The Value of Stolen Data
Intel Security found that the price per record for stolen
patient medical records remains lower than financial account
records and retail payment account information, despite the
increasingly time-sensitive, or perishable, nature of data such as
credit and debit card numbers.
In recent years, Intel Security has observed the cybercriminal
community extend its data theft efforts beyond financial account
data to medical records. Although credit and debit card numbers can
be canceled and replaced quickly, this is not the case for
protected health information (PHI) that does not change. This
“nonperishable” PHI could include family names, mothers’ maiden
names, social security or pension numbers, payment card and
insurance data, and patient address histories. But, though this
dynamic has led to industry speculation that the price per medical
record could soon rise to rival or even eclipse that of financial
account or payment card data, Intel Security’s 2016 research did
not illustrate such price-point movement.
Intel Security’s research found the average health record price
point to be greater than that of basic personally identifiable
information, but still less than that of personal financial account
data. The per record value of financial account data ranged from
$14.00 to $25.00 per record, credit and debit cards drew around
$4.00 to $5.00, but medical account data earned only from $0.03 to
$2.42. The findings suggest financial account data continues to be
easier to monetize than personal medical data, which could require
an investment that financial payment data does not require. Upon
stealing a cache of medical records, it is likely cybercriminals
must analyze the data, and perhaps cross-reference it with data
from other sources before lucrative fraud, theft, extortion, or
blackmail opportunities can be identified. Financial data,
therefore, still presents a faster, more attractive
return-on-investment (ROI) opportunity for cybercriminals.
“Liquidity trumps longevity in the race to monetize stolen
data,” said Raj Samani, Intel Security’s CTO for Europe, the Middle
East, and Africa. “If I steal a million credit or debit card
numbers, I can quickly sell this digital merchandise before banks
and retailers discover the theft and cancel these numbers.

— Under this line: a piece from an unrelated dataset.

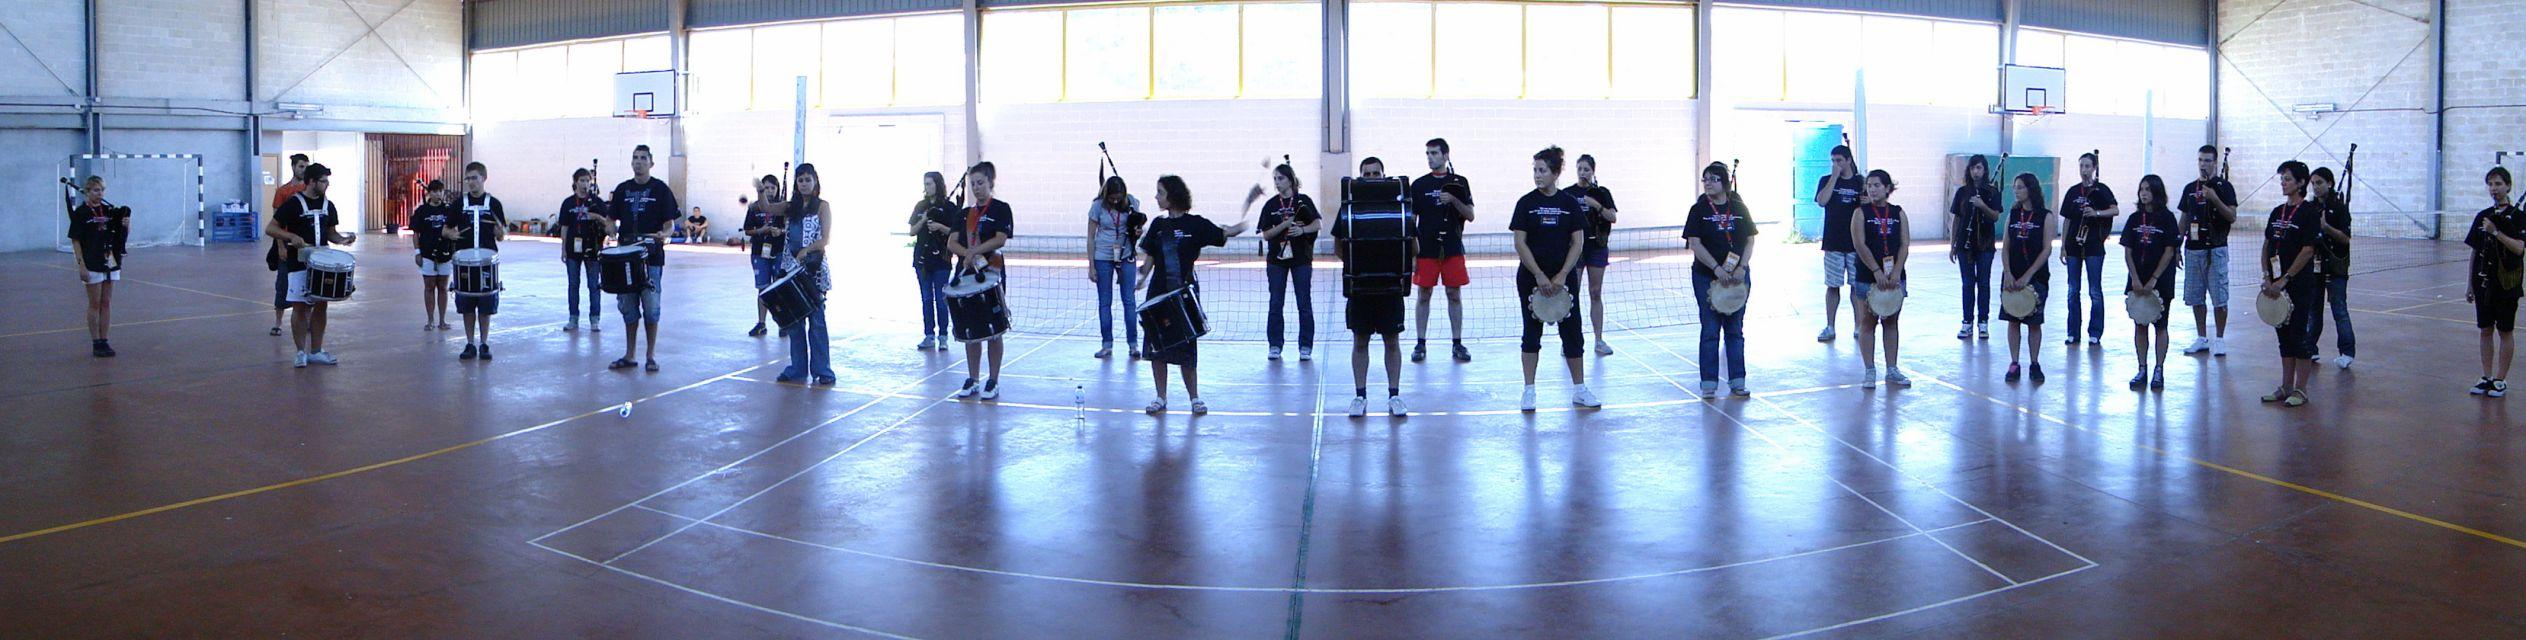 Gala Ortigueira - Banda Ensayo

Alternatively, a million medical records contain a rich cache of
permanent PHI and personal histories, but such data requires a
greater investment of time and resources to exploit and monetize
it.”
Theft of Intellectual Property and
Business Confidential Data
Intel Security’s research also investigated the targeting of
biotechnology and pharmaceutical firms for their intellectual
property and business confidential information. The researchers
suggest that the economic value of such information is considerably
higher than the cents-per-record data Intel Security’s researchers
identified within patients’ health care accounts.
Intel Security researchers found evidence that formulas for
next-generation drugs, drug trial results, and other business
confidential information constitutes significant value. The stores
of such data at biopharmaceutical companies, their partners, and
even government regulators who are involved in bringing new drugs
to market have become a premium target of cybercriminals.
“Corporate espionage has gone digital along with so many other
things in our world,” Samani said. “When you consider that research
and development is a tremendous expense for these industries, it
should be no surprise that cybercriminals are attracted to the ROI
of this category of health care data theft.”
The Economics of
Cybercrime-as-a-Service
Intel Security also identified cybercriminals leveraging the
cybercrime-as-a-service market to execute their attacks on health
care organizations. Researchers found evidence of the purchase and
rental of exploits and exploit kits to enable the system
compromises behind health care data breaches. In one case, a
relatively non–technically proficient cyber thief purchased tools
to exploit a vulnerable organization, leveraged free technical
support to orchestrate his attack, and then extracted more than
1,000 medical records that the service provider said could net him
about $15,564.
The researchers also observed brazen efforts by cybercriminals,
through online ads and social media, to recruit into their ranks
health care industry insiders with access to valuable
information.
“When a well-developed community of cybercriminals targets a
less prepared industry such as health care, organizations within
that industry tend to play catch-up to protect against yesterday’s
threats, and not those of today or tomorrow,” Samani continued.
“Gaining the upper hand in cybersecurity requires a rejection of
conventional paradigms in favor of radical new thinking. Where
health care organizations have relied on old playbooks, they must
be newly unpredictable. Where they have hoarded information,
industry players must become more collaborative. Where they have
undervalued cyber defense overall, they must prioritize it. In the
Second Economy, if you win the ‘time’ contest with attackers, you
are in a position to preserve money and trust.”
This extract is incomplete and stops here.